Metadata-Version: 2.4
Name: afipcaeqrdecode
Version: 1.0.0
Summary: Package to decode and extract invoice metadata from an AFIP CAE qr code link
Author: Emiliano Mesquita
License-Expression: LGPL-3.0-or-later
Project-URL: Homepage, https://github.com/mezka/afipcaeqrdecode
Description-Content-Type: text/markdown
License-File: LICENSE
Requires-Dist: json_repair~=0.59
Requires-Dist: numpy~=2.4
Requires-Dist: opencv-python~=4.13
Requires-Dist: PyJWT~=2.12
Requires-Dist: PyMuPDF~=1.27
Requires-Dist: qreader~=3.16
Dynamic: license-file

[PyPI package](https://pypi.org/project/afipcaeqrdecode/)

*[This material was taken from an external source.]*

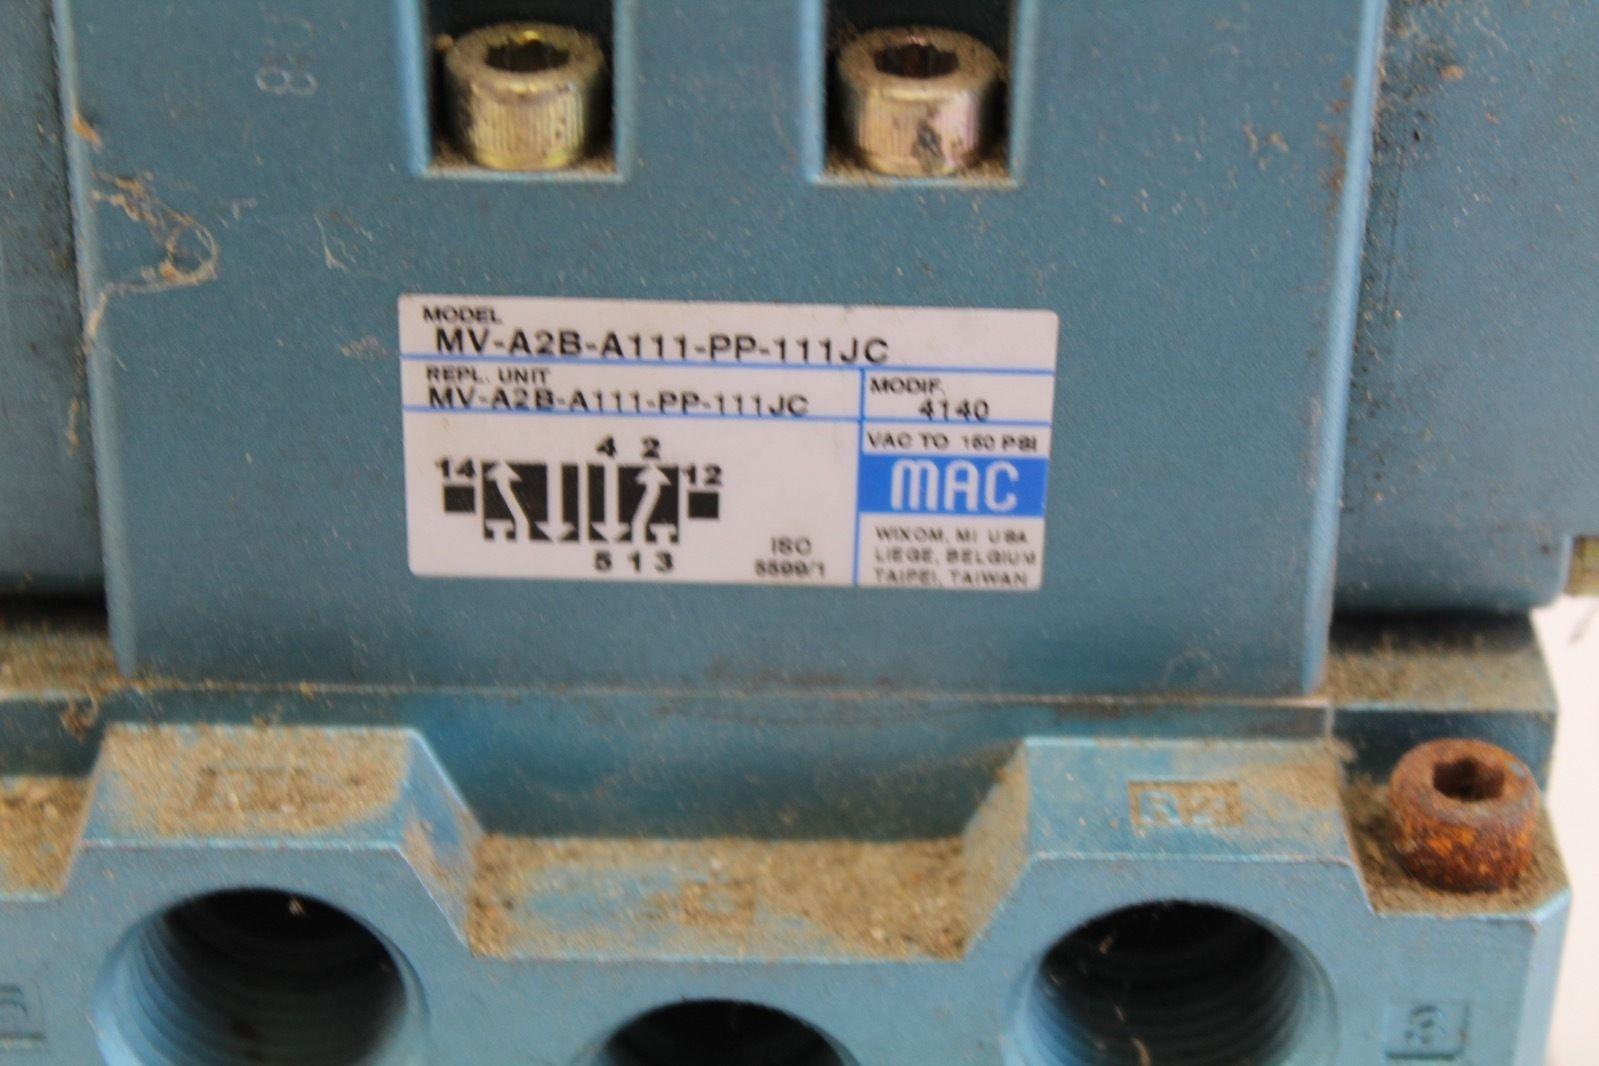 Mac Servo Valve MV-A2B-A111-PP-111JC with connector PPE-111JC *used* (B235) 2
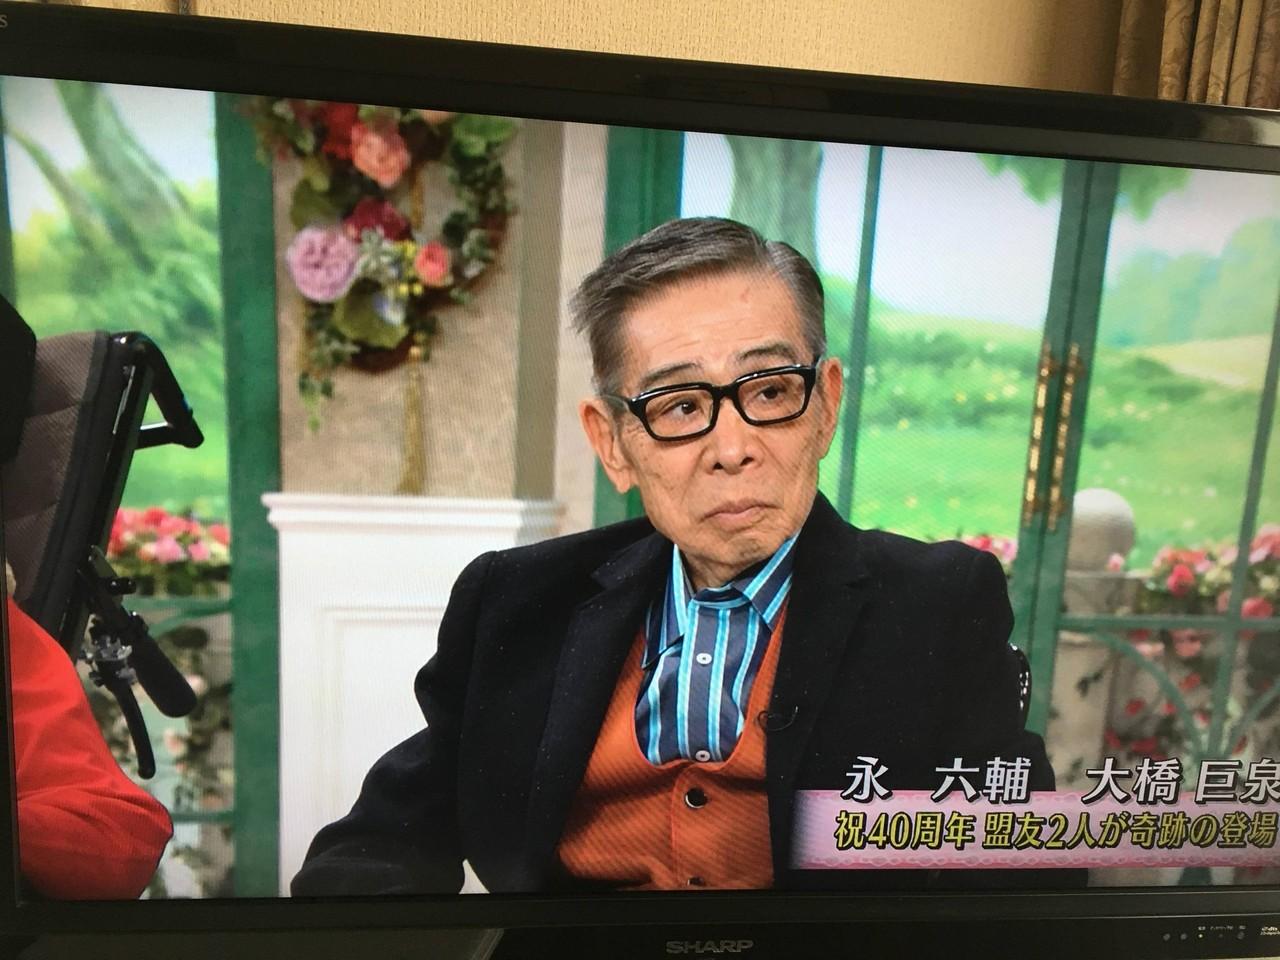 NHK「ラジオ深夜便」について語りましょうPart30 [無断転載禁止]©2ch.netYouTube動画>2本 ->画像>15枚

# AFIP invoice PDF QR CAE extract and decode

`afipcaeqrdecode` extracts AFIP CAE invoice metadata from PDF invoices. It renders the first page of the PDF, locates the AFIP QR code, decodes the QR payload, and returns the decoded metadata as a Python `dict`.

## Installation

This package depends on `qreader`, which depends on `pyzbar`, which depends on the system `zbar` library.

On Linux (Ubuntu 22.04):

`sudo apt-get install libzbar0`

On macOS:

`brew install zbar`

Then install the package:

`pip install afipcaeqrdecode`

## Quick Start

```python
from afipcaeqrdecode import get_cae_metadata

invoice_metadata = get_cae_metadata("./tests/sample_files/2000005044986390.pdf")
```

Example output:

```python
{
    "ver": 1,
    "fecha": "2023-02-10",
    "cuit": 30710145764,
    "ptoVta": 4,
    "tipoCmp": 1,
    "nroCmp": 25399,
    "importe": 2460,
    "moneda": "PES",
    "ctz": 1,
    "tipoDocRec": 80,
    "nroDocRec": 30717336905,
    "tipoCodAut": "E",
    "codAut": 73064176949471,
}
```

## Return Value

`get_cae_metadata(filepath, attempt_to_repair_json=True)` returns:

- a Python `dict` when AFIP QR metadata is decoded successfully
- `None` when no AFIP QR metadata can be extracted

The returned dictionary preserves the value types present in the decoded JSON payload. Some invoices encode numeric-looking values as JSON strings, and those values are preserved as strings.

## How It Works

The decoding flow has two stages:

1. Render the first page of the PDF with [PyMuPDF](https://pypi.org/project/PyMuPDF/) and run [qreader](https://pypi.org/project/qreader/) on the resulting image.
2. If that fails, extract embedded images from the first page and run `qreader` on those images as a fallback.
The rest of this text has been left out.